In a recent article in the magazine of the Northern California Oracle User Group Iggy Fernandez explained that there were many dangerous beliefs centered around the theme that application developers had no responsibility for the performance of the SQL statements they write. One of his examples of beliefs was:
Dangerous Belief #5: The most common cause of poorly performing SQL is the failure of the DBA to collect statistical information on the distribution of data for the use of the query optimizer.1 This statistical information should be refreshed frequently.2
Broadly speaking, I agree with Iggy’s assessment – there is a fairly common perception that if you use procedures like dbms_stats.gather_schema_stats() frequently, with a high percentage estimate, and collecting lots of histogram, most of your SQL performance problems will go away; and it is a “dangerous belief”. On the other hand, if you ensure that the statistics stored against the database are (a) acquired cost-effectively, and (b) describe the data reasonably accurately, the optimizer will be able to work around many of the problems caused by bad design and bad SQL (This means that I would like to sit and argue with Iggy about the best way to express exactly what the belief is, and clarify exactly what bits of it are dangerous and why – but on the whole I understand the intent of what he is saying)

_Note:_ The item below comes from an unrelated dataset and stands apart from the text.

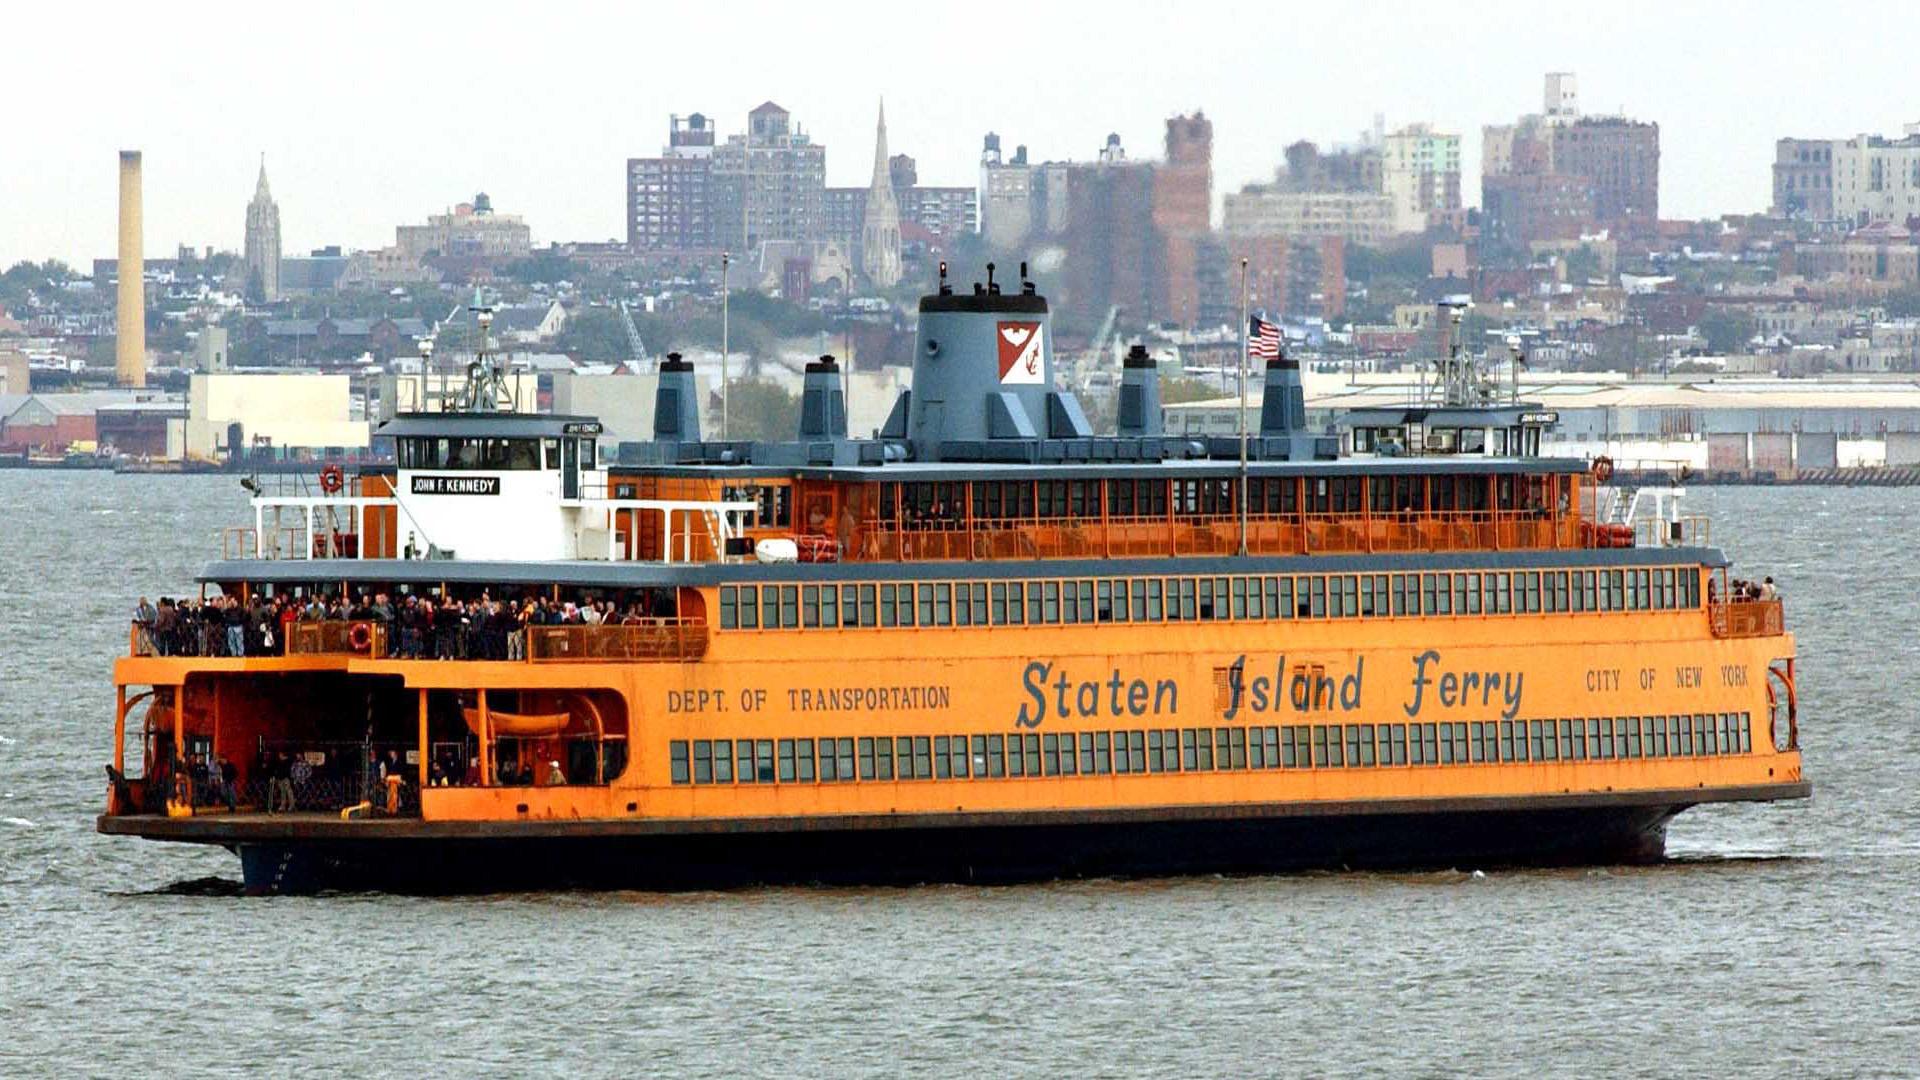 ¿Cómo funcionan algunos de los ferries en Estados Unidos?

Notwithstanding exact wording and degree of consensus, this note is not really about the topic of statistics, it’s about the irony of the two footnotes listed in this one belief. Footnote 1 (citing an example of someone who believes that the most common problem is failure to collect statistics) says:
Consider, for example, the following statement found in an article published in a recent issue of the journal of the IOUG: “One of the greatest problems with the Oracle cost-based optimizer was the failure of the Oracle DBA to gather accurate schema statistics …The issue of stale statistics and the requirement for manual analysis resulted in a “bum rap” for Oracle’s cost-based optimizer, and beginner DBAs often falsely accused the CBO of failing to generate optimal execution plans when the real cause of the sub-optimal execution plan was the DBA’s failure to collect complete schema statistics.”

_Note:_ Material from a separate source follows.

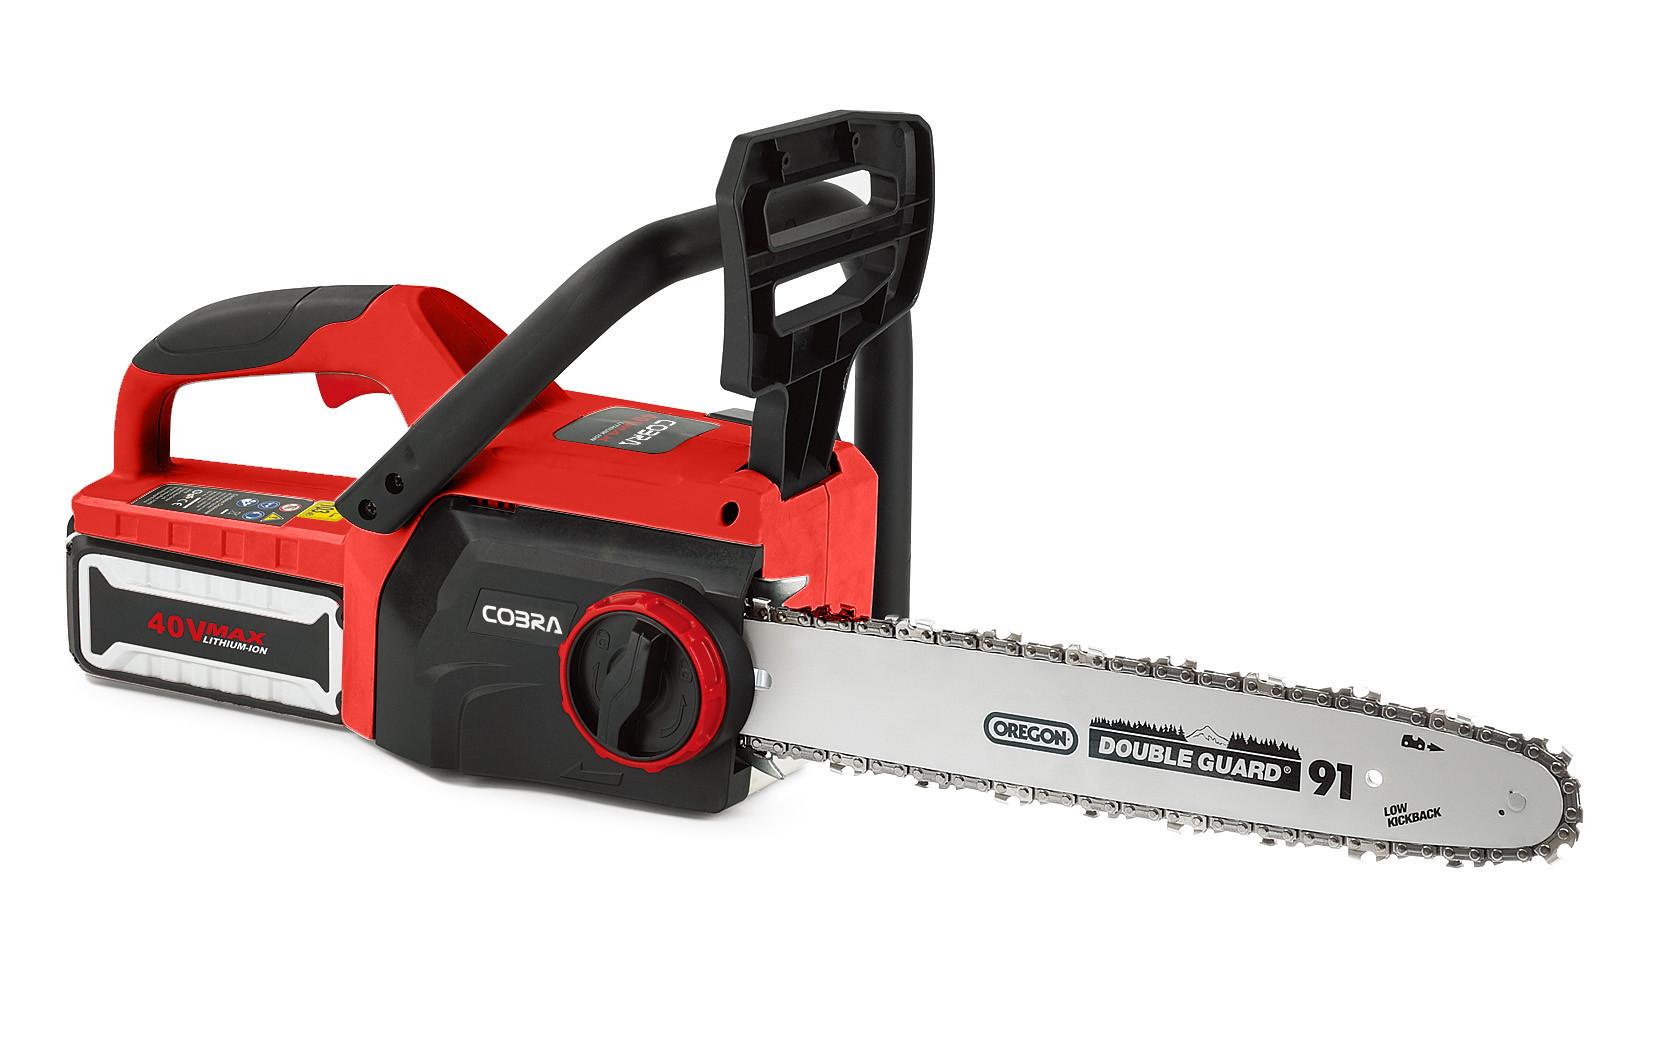 CS35040VZ 40v Cordless Chainsaw

On the other hand, footnote 2 says:
The following statement by Donald Burleson puts the finger on the dangers of collecting fresh statistics information for the use of the query optimizer: It astonishes me how many shops prohibit any un-approved production changes and yet re-analyze schema stats weekly. Evidently they do not understand that the purpose of schema re-analysis is to change the production SQL execution plans, and they act surprised when performance changes!

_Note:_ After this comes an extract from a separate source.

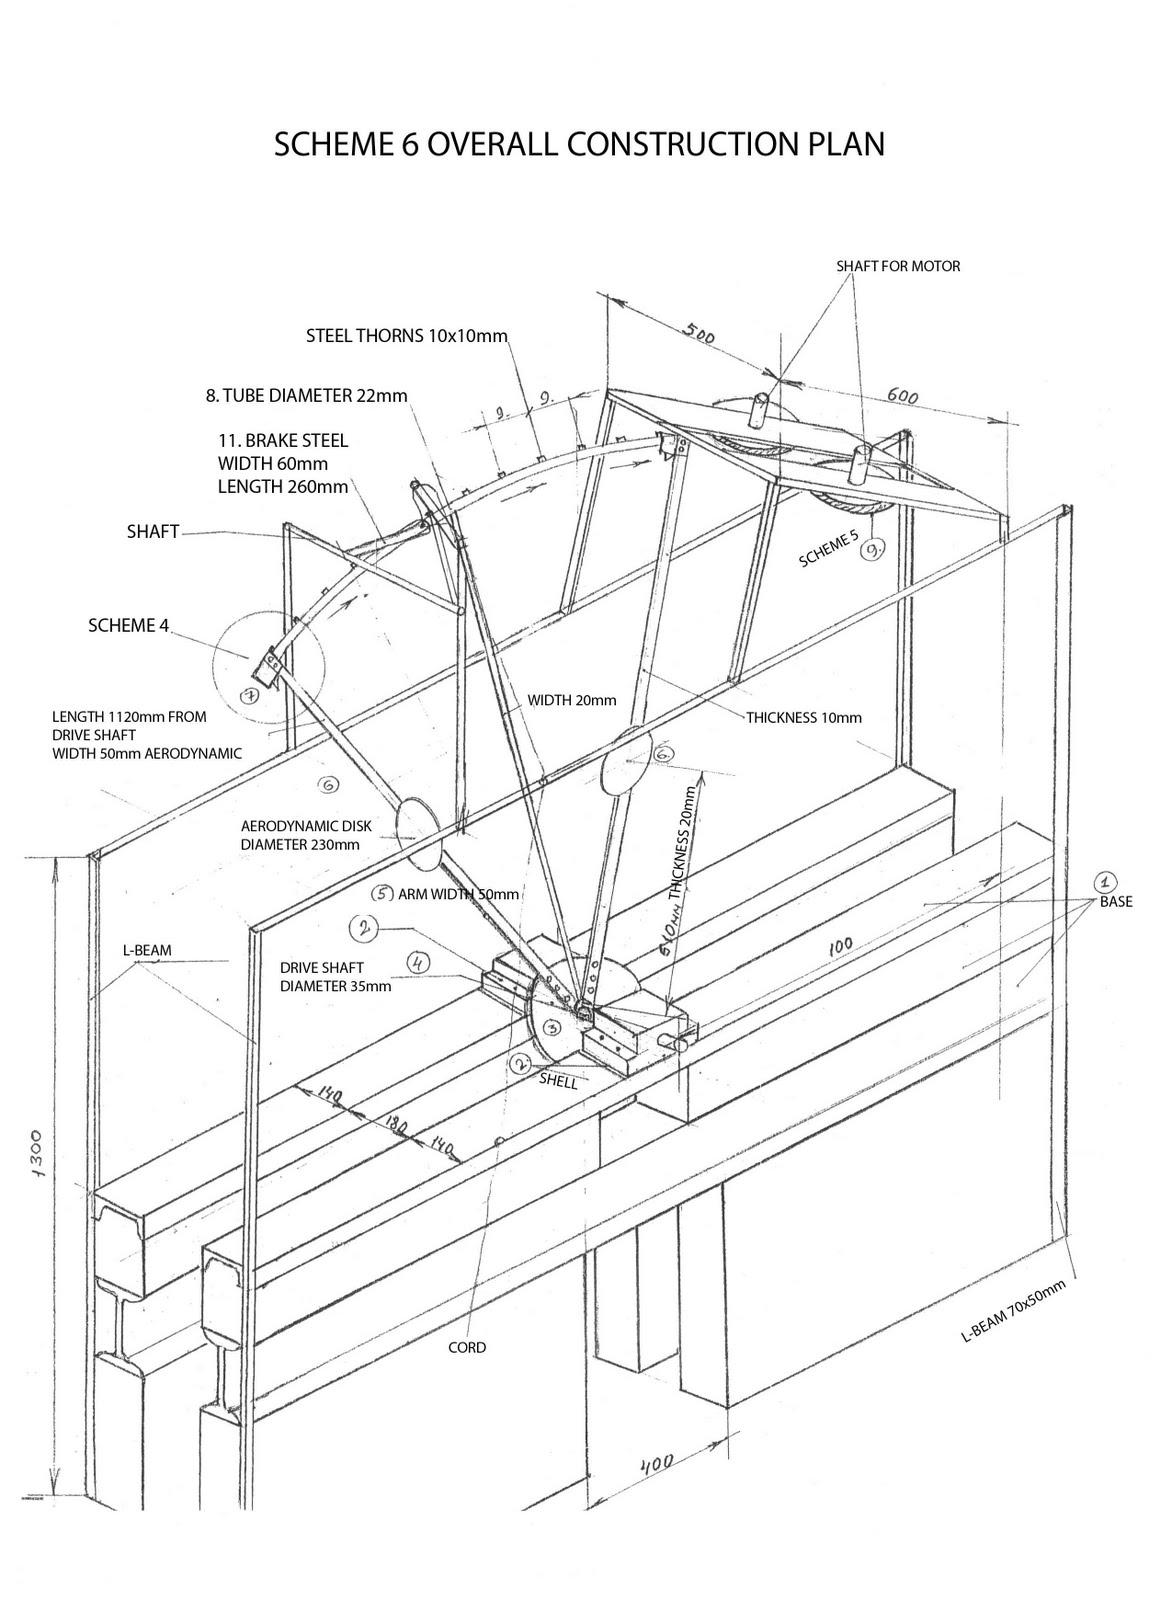 investigaciones energ as libres y otros sistemas 1959 Ford Taunus por ltimo un v deo muy interesante

Despite the fact that I can agree with the general thrust of Iggy’s argument, I was quite amused by the choice of quotations
In passing, the basic premise declared by Donald Burleson in footnote 2 is wrong, but that wasn’t the cause of my amusement. Think carefully about the content and use of a typical database – as time passes, the data changes, and the data being targeted by the end-user queries changes. A query of the form: “get me last week’s sales information” will return a different result set on the 1st August from the one it returned on the 1st January – but if the last time you updated the statistics was 1st July then the optimizer will infer that there is no data for the week ending 1st August and may therefore do something incredibly stupid – perhaps changing from an appropriate table scan to an unsuitable index access, or from a sensible index to a bad index. Sometimes you change the statistics to make the plans stay the same. If you don’t realise that then you’ve missed an important point about how the optimizer uses statistics, and you are unlikely to have an optimal stats-generation strategy.
The thing that amused me, however, was this – I checked the link given for the IOUG article, and found that the article was one called “Inside Oracle Database 10g Dynamic Sampling” from the Quarter 1 2006 issue, with the byline of Alexey B. Danchenkov. However, when I started reading it, I found that it looked familiar so I ran a quick search on the internet for it and found it (using a simple Google search on “bum rap” dynamic sampling) at http://www.dbazine.com/olc/olc-articles/burleson30 It was an article published by Don Burleson about two and a half years ago. (This isn’t the first time that the name Alexey B Danchenkov has appeared in Select on an article previously claimed by Don Burleson – I’ve sent an email pointing out the apparent error to the editorial address).
It’s a little hard to avoid laughing when the same person is identified (albeit unwittingly) as the sinner and the saint in the space of two sentences. So which Don Burleson should we trust – the Don Burleson who says the DBA is at fault because he doesn’t gather accurate schema statistics, or the Don Burleson who says the shop is at fault because it does gather accurate schema statistics.